• PROBLEM TO WORK ON: For this exercise, retype each line of the material below verbatim and omit any picture.

• INFORMATION SHOWN:
──────

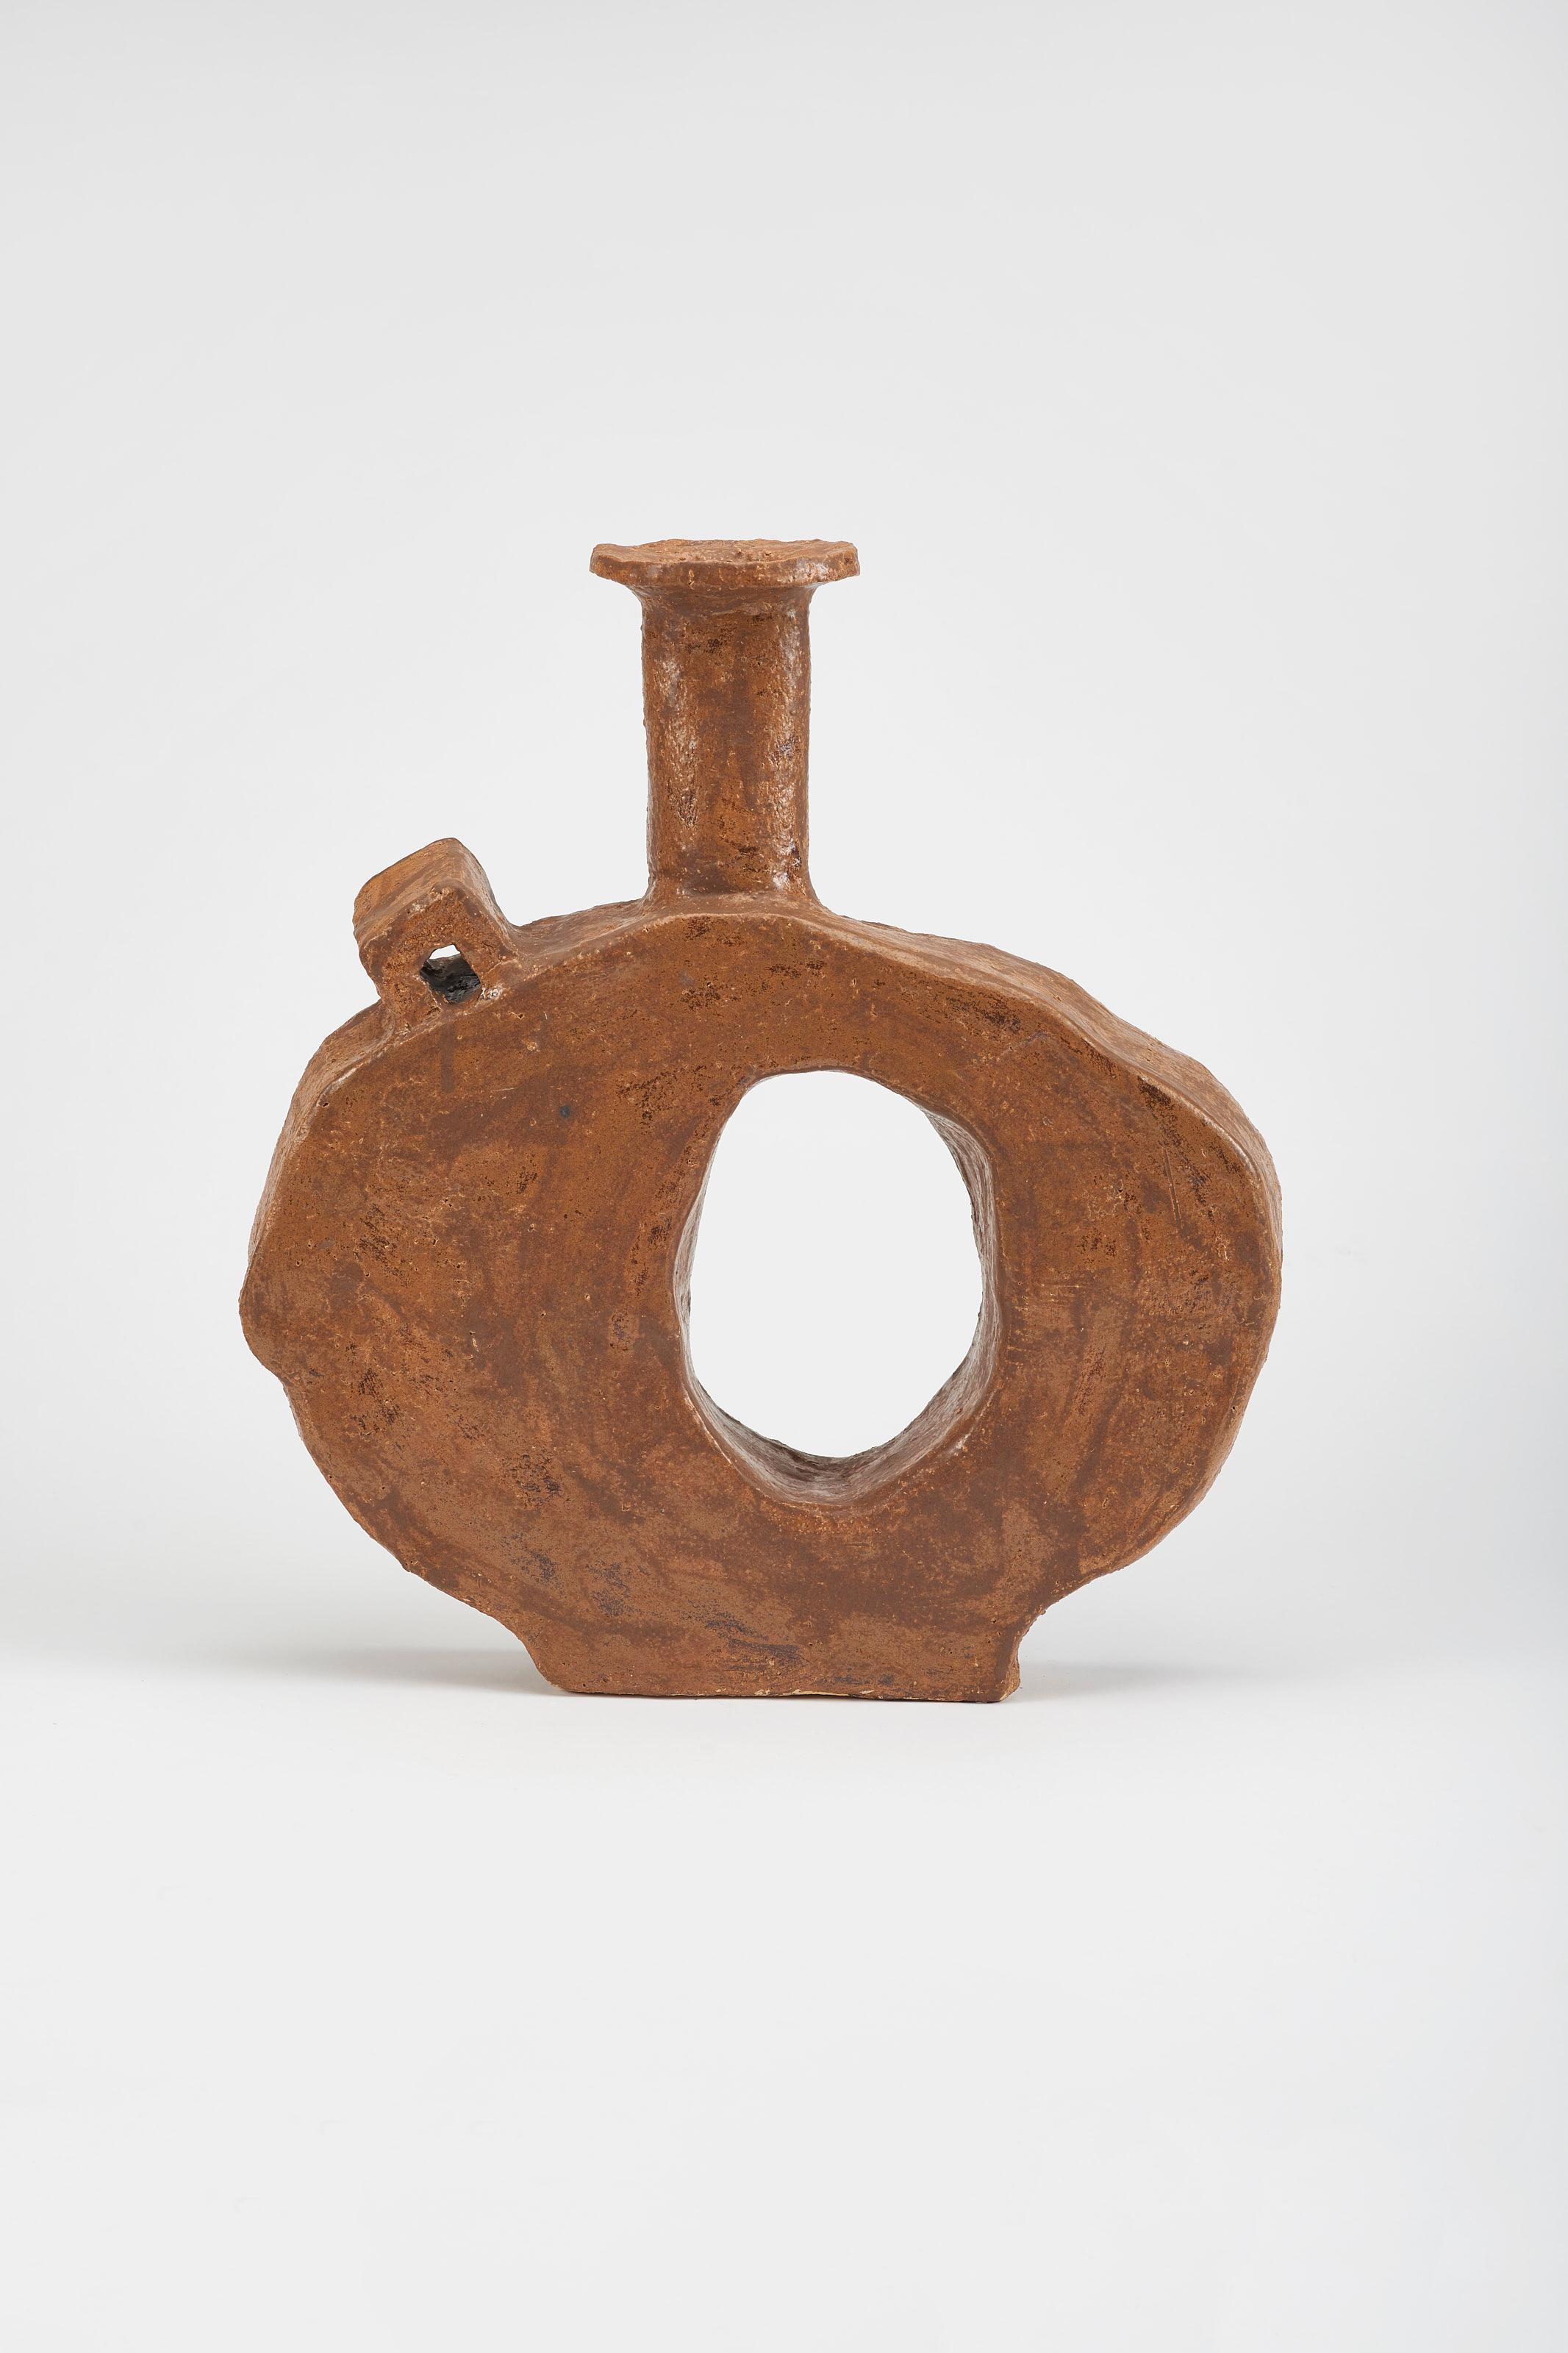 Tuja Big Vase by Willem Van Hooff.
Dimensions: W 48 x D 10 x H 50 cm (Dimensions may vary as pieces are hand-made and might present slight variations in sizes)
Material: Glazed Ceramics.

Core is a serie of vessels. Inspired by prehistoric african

──────

• RESPONSE TO THE TASK:
 Tuja Big Vase by Willem Van Hooff.
Dimensions: W 48 x D 10 x H 50 cm (Dimensions may vary as pieces are hand-made and might present slight variations in sizes)
Material: Glazed Ceramics.

Core is a serie of vessels. Inspired by prehistoric african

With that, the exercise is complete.